Repository files navigation

Unbiased Reaction Path Search Algorithm (URPSA)

How to install

Prerequisites

  • The program is written on python3.
  • Currently, program only supports the linux operating system.
  • Gaussian 16 has to be installed since calculations are conducted through that.
  • Numpy and matplotlib libraries are used in the program
pip install Numpy
pip install Matplotlib
#for the use of GUI
# tkinter is usually pre-installed with python if not use the following command
sudo apt install python3-tk # for debian based systems
# for other systems please refer to https://tkdocs.com/tutorial/install.html


Installation

https://github.com/WMCSameeraGroup/URPSA.git

Use the command or download the file and extract the folder.

How to Run

To run the program you need to specify the path of the configuration file to the repeated.py python script.

the following command can be used to run the program

python3 "/<path-to-URPSA-directory>/repeated.py" exampleInput.txt

Input file configuration

we have written a simple parser file for the organization of input parameters to the program. The sections are [SECTION] defined with square brackets. predefined variables are placed on the left hand side and the values are defined by

[section]
variable = value

modify the input file to enter the inputs (Molecules, step_size, step_count, and etc )

  • update_with_optimized_coordinates: keep the optimized configuration of molecules to the next method.
  • step size: distance moved towards the center
  • step_count: number of steps should move towards the center
  • stop_distance_factor: the factor that determines distance that the calculation should stop ; factor x (sum of covalent radius)
  • stress_release: iterations that should be optimized without constraints. input is given as start: step :end
  • spherical_placement: how to place the molecular fragments on the hypothetical spherical.
  • ADD_COM_CONST: whether to add center of mass constraints
  • dynamic_fragment_replacement: if atoms are closer than given number value.
# This is a comment
[project]
project_name = Project1

[controls]
# set this as false for now
update_with_optimized_coordinates = True
# in angstrum 
step_size = 0.1
step_count = 40
stop_distance_factor = 0.4


# add COM constraints = True
ADD_COM_CONST = False
dynamic_fragment_replacement = True

[gaussian]
number_of_cores = 8
memory = 8GB
method =#N opt(maxcycle=600,AddGIC) PM6 scf(maxcyc=600,xqc) nosymm



[molecules]
charge = 0
multiplicity = 2
number_of_molecules = 2

0 = C -0.69272980 -0.81618654 0.00000000\
H -0.33605696 -0.31178835 0.87365150\
H -0.33605696 -0.31178835 -0.87365150\
H -1.76272980 -0.81617336 0.00000000\
O -0.21607949 -2.16440926 0.00000000\
H -0.53442410 -2.61684869 0.78457331

# add \ to the end of a line if the next line continues
1 = O -0.21607949 -2.16440926 0.00000000\
H -0.53442410 -2.61684869 0.7845733

[Additional]
# use /- instead of = sign when using inside values

constraints = XCm1 (Inactive) /- XCntr(1-6) \
YCm1 (Inactive) /- YCntr(1-6) \
ZCm1 (Inactive) /- ZCntr(1-6)\
XCm2 (Inactive)  /- XCntr(7)\
YCm2 (Inactive)  /- YCntr(7) \
ZCm2 (Inactive) /- ZCntr(7)\
F1F2(FREEZE) /- sqrt[(XCm1-XCm2)^2+(YCm1-YCm2)^2+(ZCm1-ZCm2)^2]*0.529177


Output data

Project outputs are saved in a directory inside the pwd with the project name that you specified in the input file.
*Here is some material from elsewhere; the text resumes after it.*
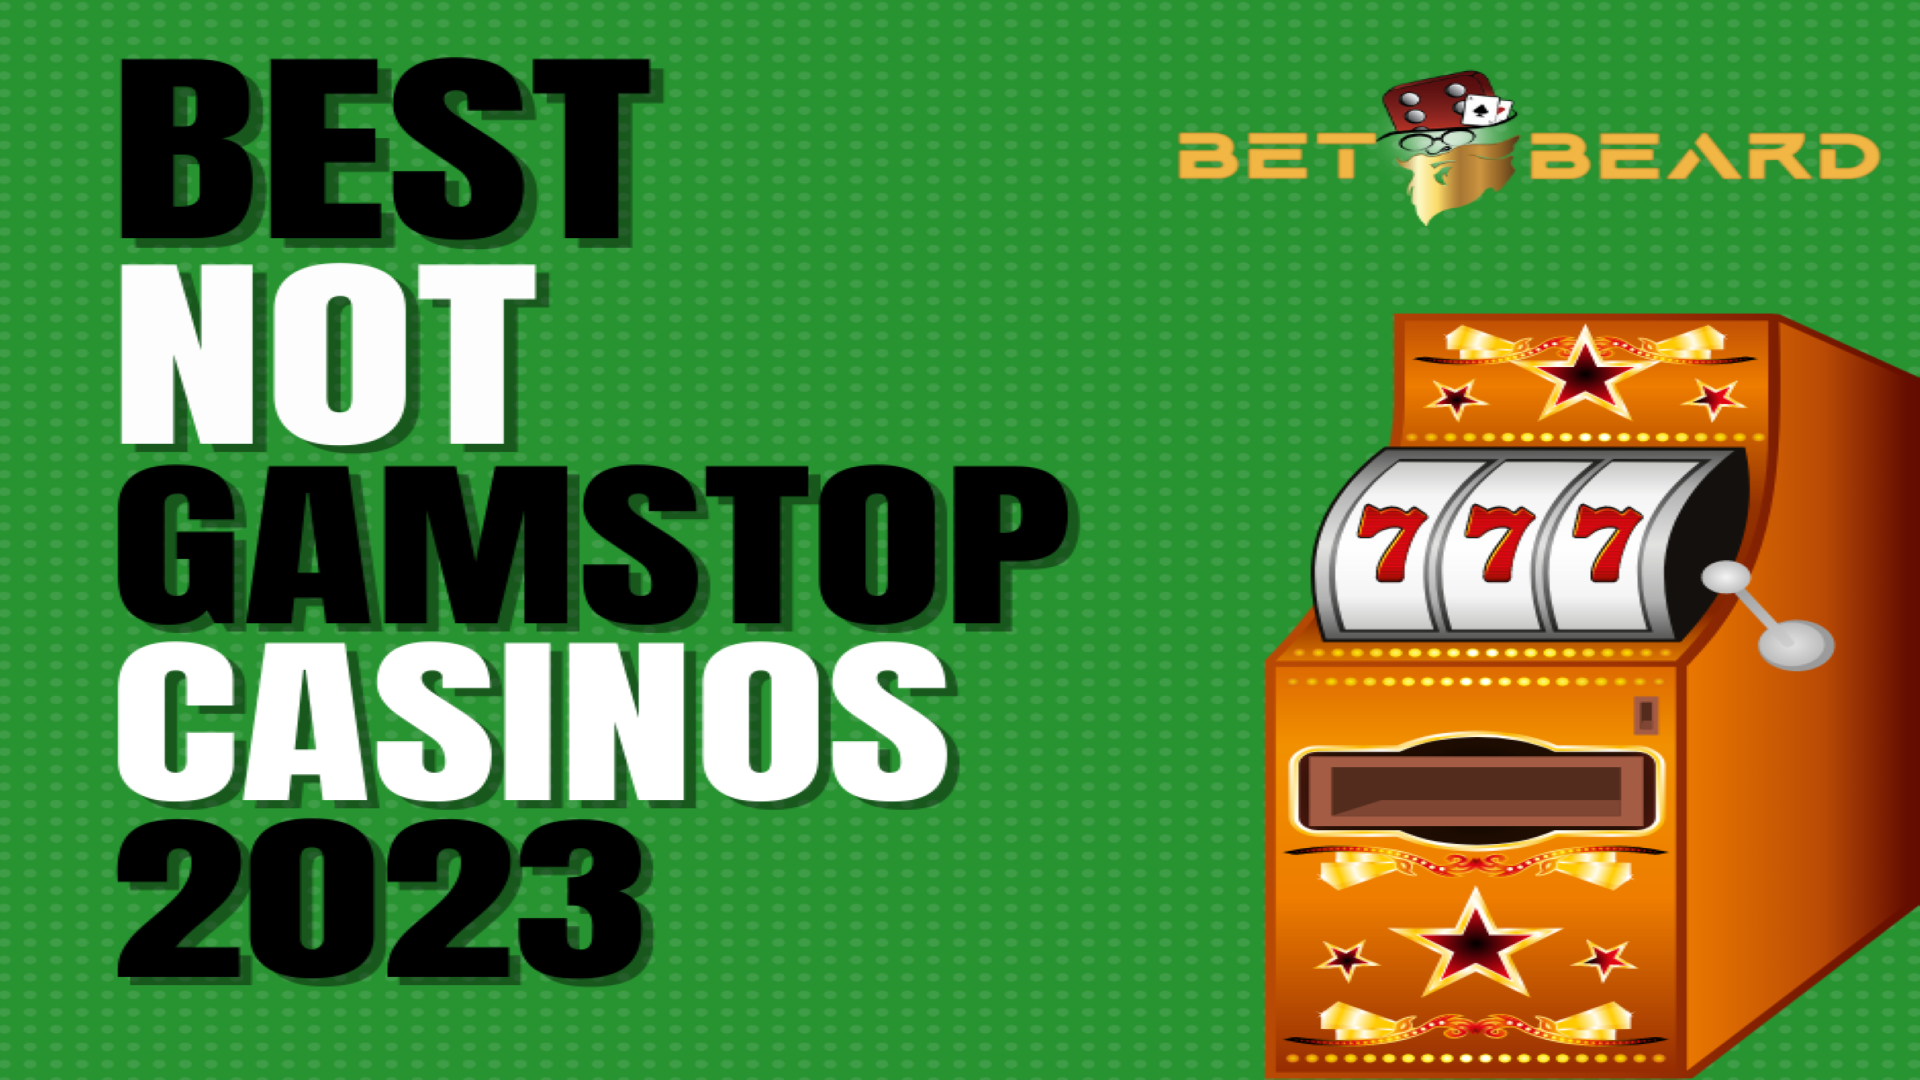 If casino no gamstop Is So Terrible, Why Don't Statistics Show It?
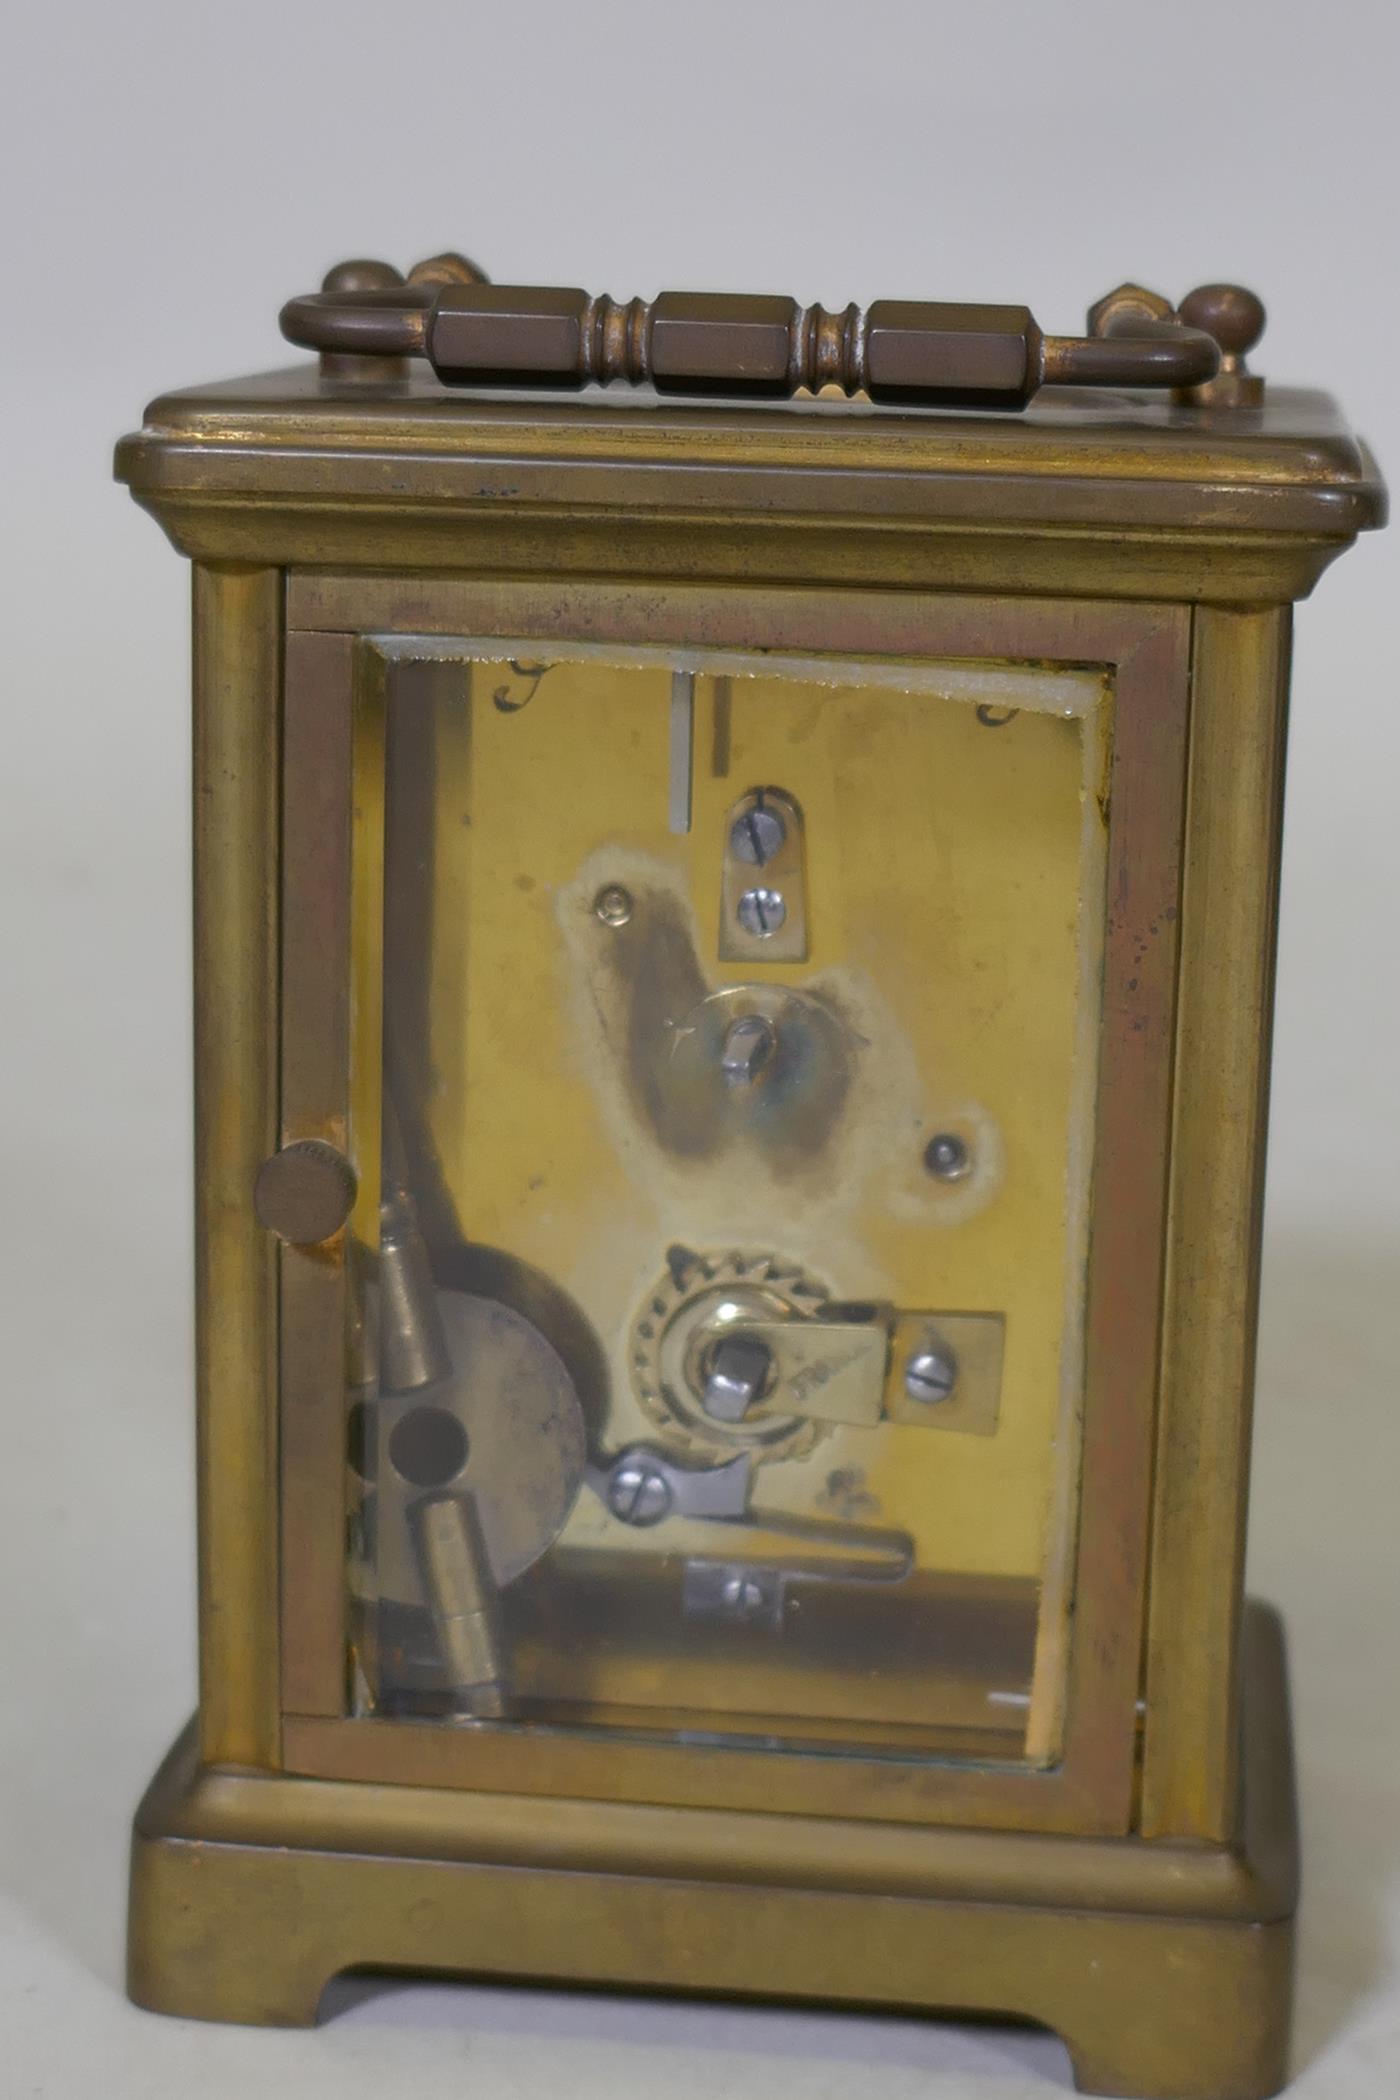 A brass cased glass carriage clock with enamel dial, 12cm high - Image 3 of 3

Successfully observed reaction paths would be saved as Pathways_xxxx directories. And inside those folders all the files related to the calculation would be saved. Summary of a path is recorded by output2.xyz file.

If a pathway was unsuccessful that pathway is either removed or moved to the Archived folder depending on the input option that is given. By default, it is Archived.


Default values

the default values are stored as a dictionary

defaults = {
    "project": {
        "project_name": "new-project",
    },
    "controls": {
        "update_with_optimized_coordinates": "True",
        "step_size": 0.1,
        "step_count": 40,
        "stop_distance_factor": 0.8,
        "stress_release": "0:1:-1",
        "sphere_radius": 3,
        "n_iterations": 10,
        "spherical_placement": "statistically_even",
        "ADD_COM_CONST": "True",
        "ADD_SPHERICAL_CONST": "False",
        "dynamic_fragment_replacement": "False",
        "cutoff_energy_gap":120.0,
        "energy_surpass_options":"exit",
        "optimize_the_final_particle":"True",
        "convergence_error":"exit",
        "consecutive_duplicates_threshold":5,
        "unsuccessful_pathway":"archive"


    },
    "gaussian": {
        "number_of_cores": 1,
        "memory": "1GB",
        "method": "#N opt(maxcycle=200,AddGIC) WB97XD/6-31G* scf(maxcyc=300,xqc) nosymm"
    }
}

Output format

Each reaction path is saved with a folder named as Pathway_0001 and gaussian calculations files(input file, output files) are stored. further a scatter plot of the energy of converged structures as scatter.jpg and a xyz file is produced to see the trajectory.


Methodology

Overview

The Unbiased Reaction Path Search Algorithm (URPSA) is an automated method for discovering reaction pathways through the systematic exploration of possible interactions between molecular fragments. The process is designed to minimize reliance on human intuition by providing a structured approach to identifying new pathways.

The workflow of the URPSA is illustrated in the diagram below.
Workflow of the URPSA

The process begins by placing user-defined molecular fragments randomly on the surface of a sphere. These fragments are then gradually moved toward the center to encourage interactions. At each step, the system checks for atomic repulsions and discards any unphysical configurations.

Next, the single point energy of the configuration is calculated using an external quantum chemistry package, Gaussian16. Bond formation between fragments is analyzed based on interatomic distances, and newly formed fragments are identified.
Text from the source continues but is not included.